A machine learning approach to predict price swings in the electricity grid of the Netherlands.
This project was made by:
Nordin el Assassi
Sakr Ismail
Simen Veenman
Steven Dong
Tycho van Willigen
- Conda
- This GitHub repository.
- Data provided by Eneco.
Follow these instructions if you wish to run any file from the repository, except eneco_deliverable.ipynb.
eneco_deliverable.ipynb is a standalone file and can work outside of this repository,
and thus you may skip the following instructions.
However, eneco_deliverable.ipynb requires the pickle file of the model and the data to be in the same folder.
This requires you to move models/main_model/hgbr.pkl to notebooks/ and the data to be present in notebooks/ aswell.
- Place the raw data into the folder
data/raw. - Open the terminal in the same folder as this file.
- Run the make command
make create_environment(might raise an error).

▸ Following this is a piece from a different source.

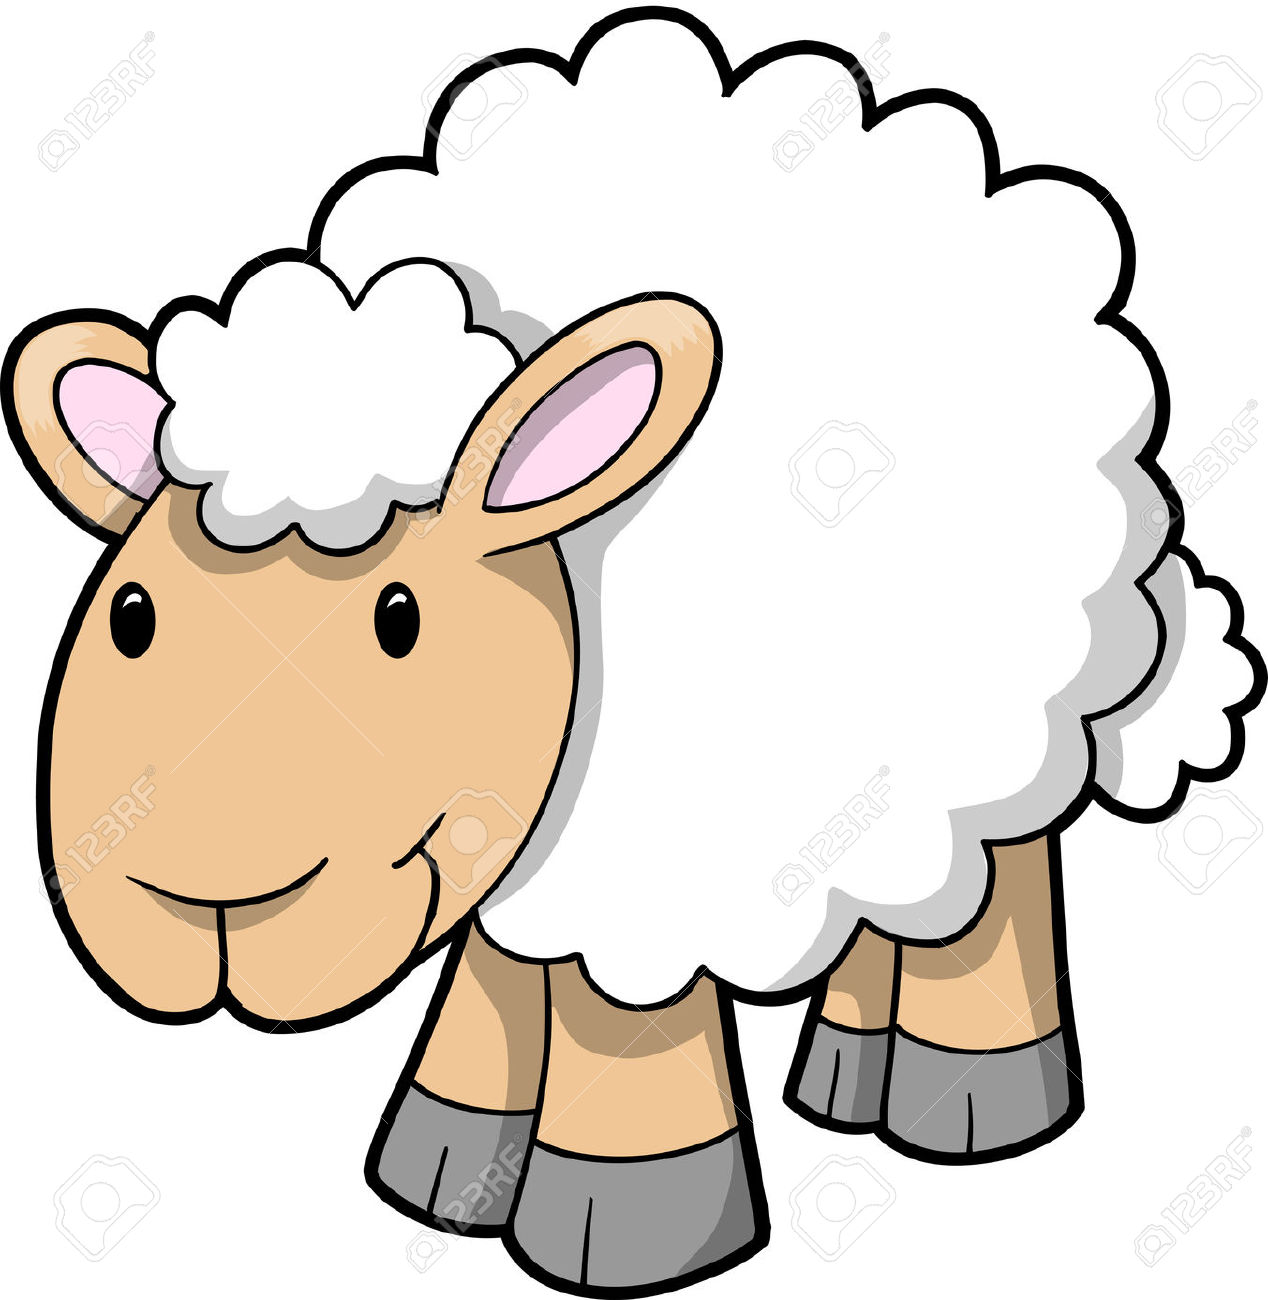 Download - Cute Sheep Clipart

This will create a new conda environment.- NOTE: this might take a very long time due to the amount of Python packages needed to be installed.

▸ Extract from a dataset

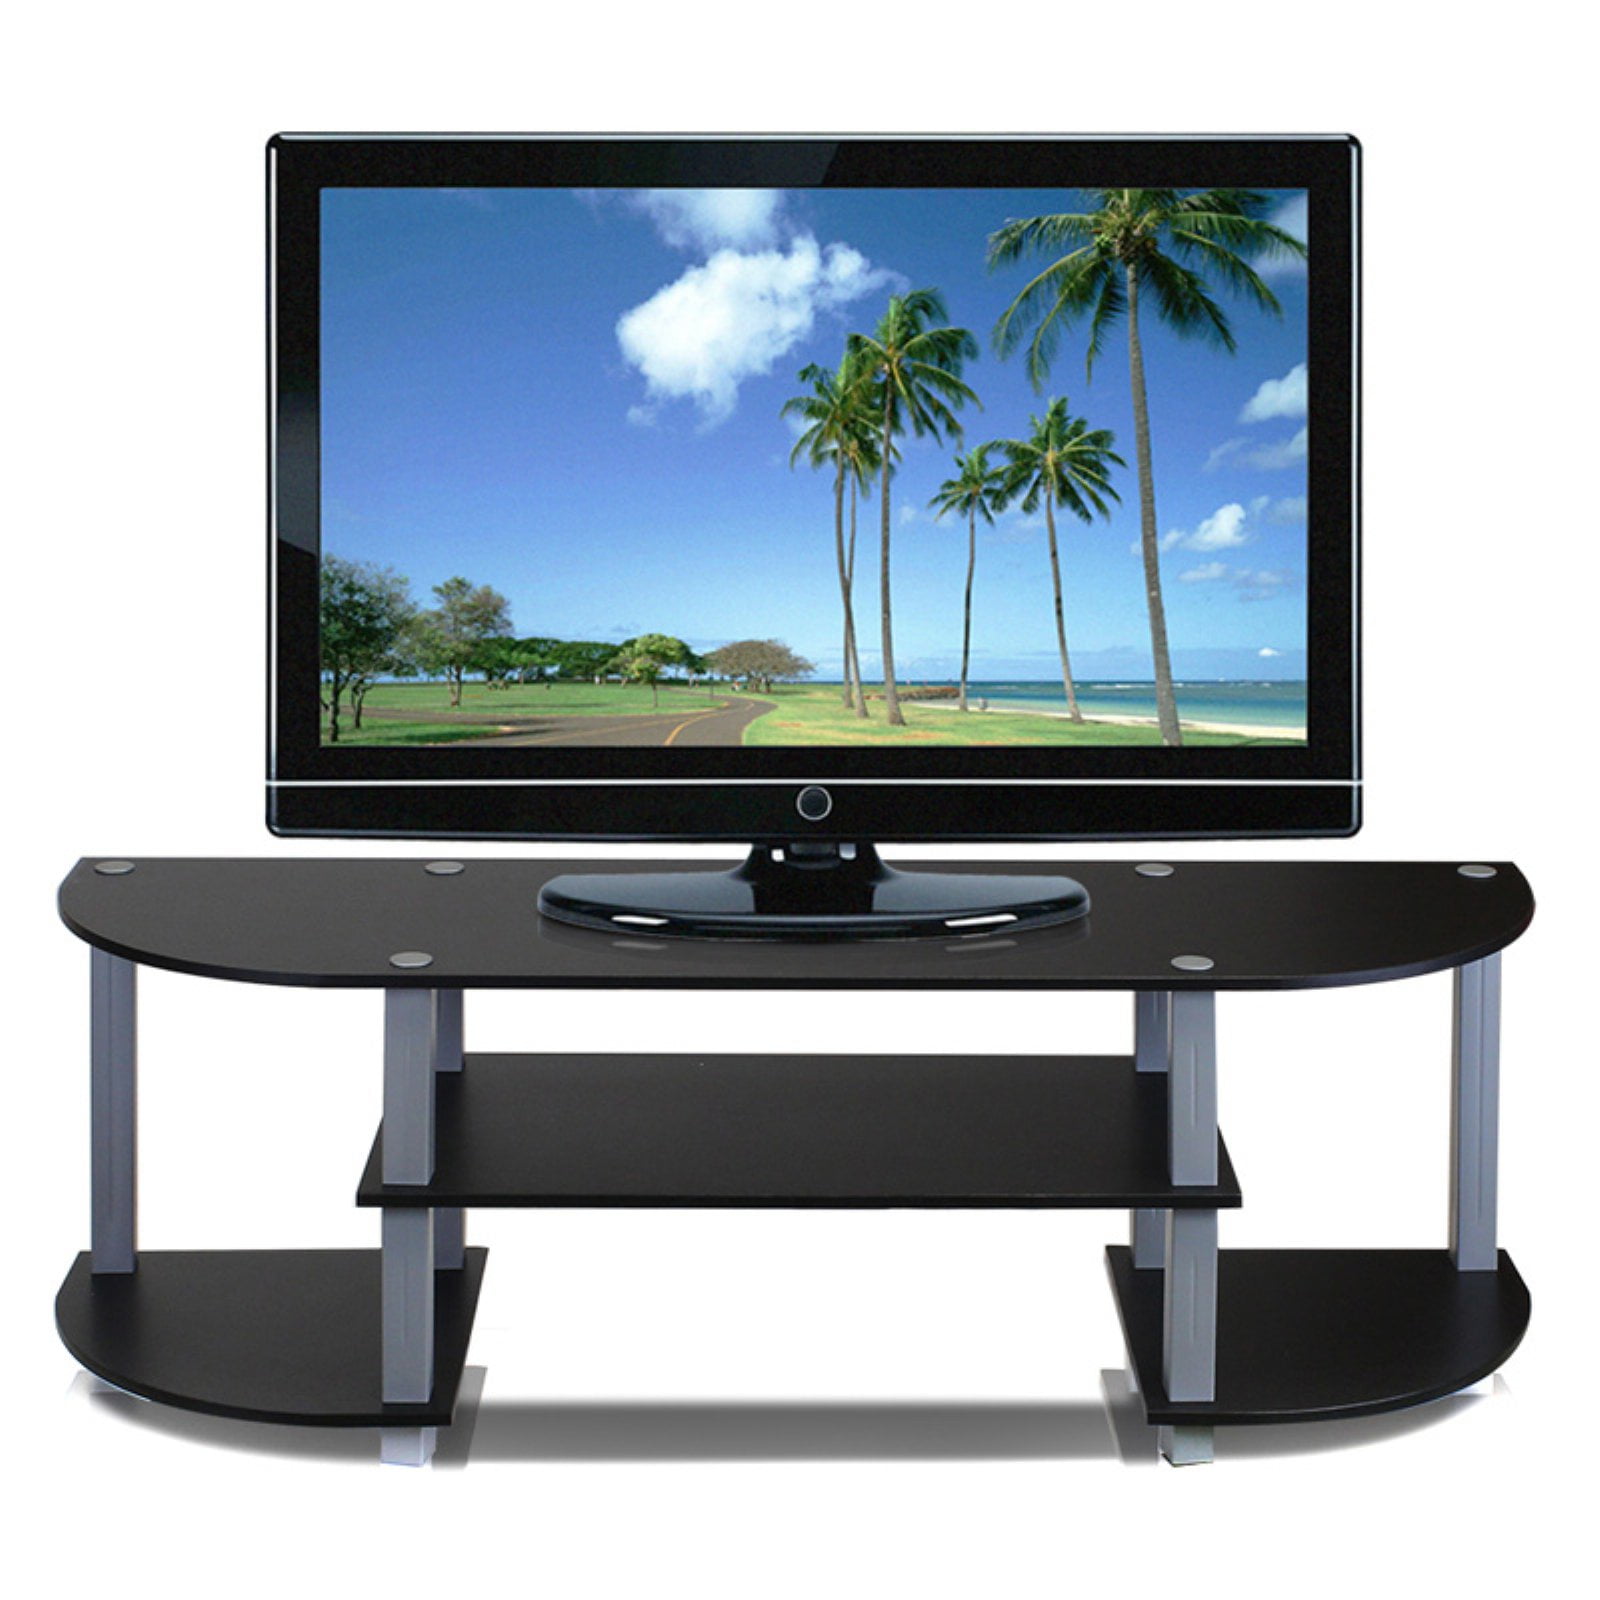 x 37.1 Engineered Wood Furinno Entertainment Center Stand Unit/TV Desk H W D 60.2 cm Americano/Chrome x 58.9

If this process is interrupted, run the make commandmake requirements. - If it raised an error, run
pip install python-dotenvafter step 4.
- NOTE: this might take a very long time due to the amount of Python packages needed to be installed.
- Run the conda command
conda activate tweedejaars_project. - Run the pip command
pip install -e .. This installs the package in an editable state. - Run the make command
make data. This will preprocess the data and generate new features. - Navigate to the desired file using the Project Organization below.
├── Makefile <- Makefile with convenience commands like `make data`.
│
├── README.md <- The top-level README for developers using this project.
│
├── data
│ │
│ ├── interim <- Intermediate data that has been transformed.
│ │
│ ├── processed <- The final, canonical data sets for modeling.
│ │
│ └── raw <- The original, immutable data dump.
│
├── models <- Folder containing trained and serialized models.
│
├── notebooks <- Jupyter notebooks.
│ │
│ ├── legacy <- Folder containing old notebooks.

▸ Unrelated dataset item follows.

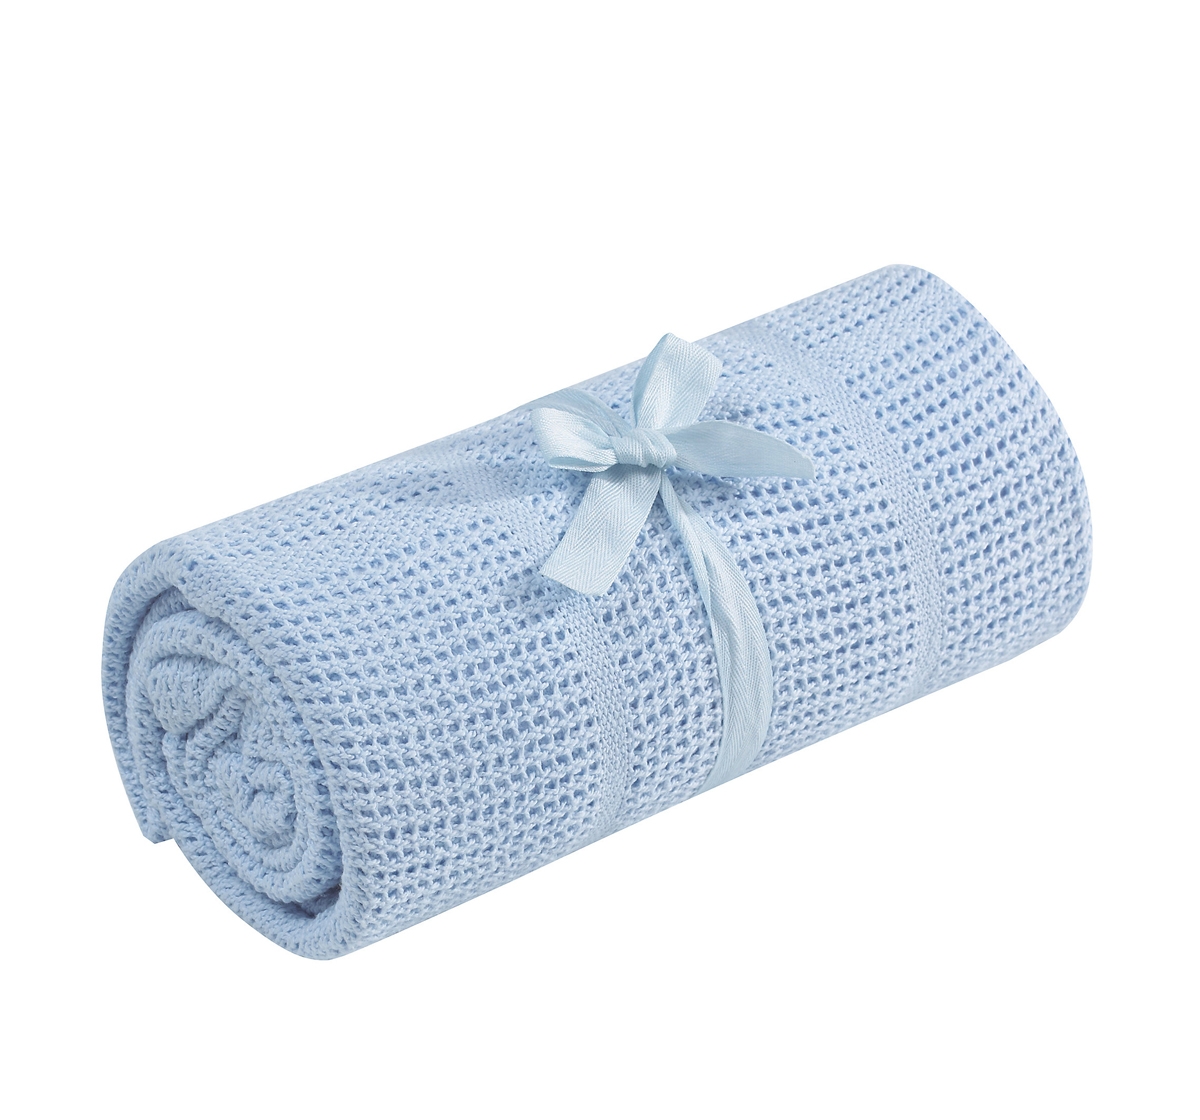 Blue Cot Or Cot Bed Cellular Cotton Blanket

│ │ Some may no longer run without changing the code manually.
│ │
│ ├── autoencoder.ipynb <- Model for reconstructing data and detecting anomalies.
│ │
│ ├── autoregressive_rnn.ipynb <- Autoregressive RNN model for using the entire history.
│ │
│ ├── custom_loss.ipynb <- Simple FNN using a custom loss function.
│ │
│ ├── eneco_deliverable.ipynb <- The final deliverable in the requested format by Eneco.
│ │ This file is made by combining all the code in the source code
│ │ and `main_model.ipynb` into a singular massive file.
│ │ This file is not recommended, use `main_model.ipynb` instead.
│ │
│ ├── eneco_model.ipynb <- A recreation of the model used by Eneco.
│ │
│ ├── main_model.ipynb <- The best model, HistogramGradientBoostingRegressor.
│ │
│ ├── markovian_rnn.ipynb <- Markovian RNN model for using a limited history.
│ │
│ └── price_prediction.ipynb <- Model for predicting `settlement_price_realized`.
│
├── pyproject.toml <- Project configuration file with package metadata for tweedejaars_project
│ and configuration for tools like black.
│
├── environment.yml <- The requirements file for reproducing the analysis environment, e.g.
│ to recreate the conda environment `conda env create -f environment.yml`.
│
├── setup.cfg <- Configuration file for flake8.
│
├── make_dataset.py <- Simple wrapper script to process the data and generate features.
│
└── tweedejaars_project <- Source code for use in this project.
│
├── __init__.py <- Makes tweedejaars_project a Python module.
│
├── config.py <- Configuration of the Python module.
│
├── data <- Scripts to manage data.
│ │
│ ├── dataset.py <- Cleans and processes the data.
│ │
│ ├── features.py <- Creates new features.
│ │
│ ├── fileloader.py <- Scripts for loading and saving.
│ │
│ └── split.py <- Splits the data into training, validation and testing.
│
├── evaluation <- Scripts to evaluate models and features.
│ │
│ ├── adjustment.py <- Script for adjusting predictions.
│ │
│ ├── evaluate_model.py <- High performance code for testing models and features.
│ │
│ └── metrics.py <- Simple metrics and custom metrics.
│
├── utility <- Utility scripts.
│ │
│ └── misc.py <- Script containing miscellaneous functions.
│
└── visualization <- Scripts to visualize the data and metrics.
│
├── analyse.py <- Script containing simple plotting functions.
│
├── plot_metrics.py <- Plot the results of the metrics.
│
└── visualize.py <- Utility visualization functions.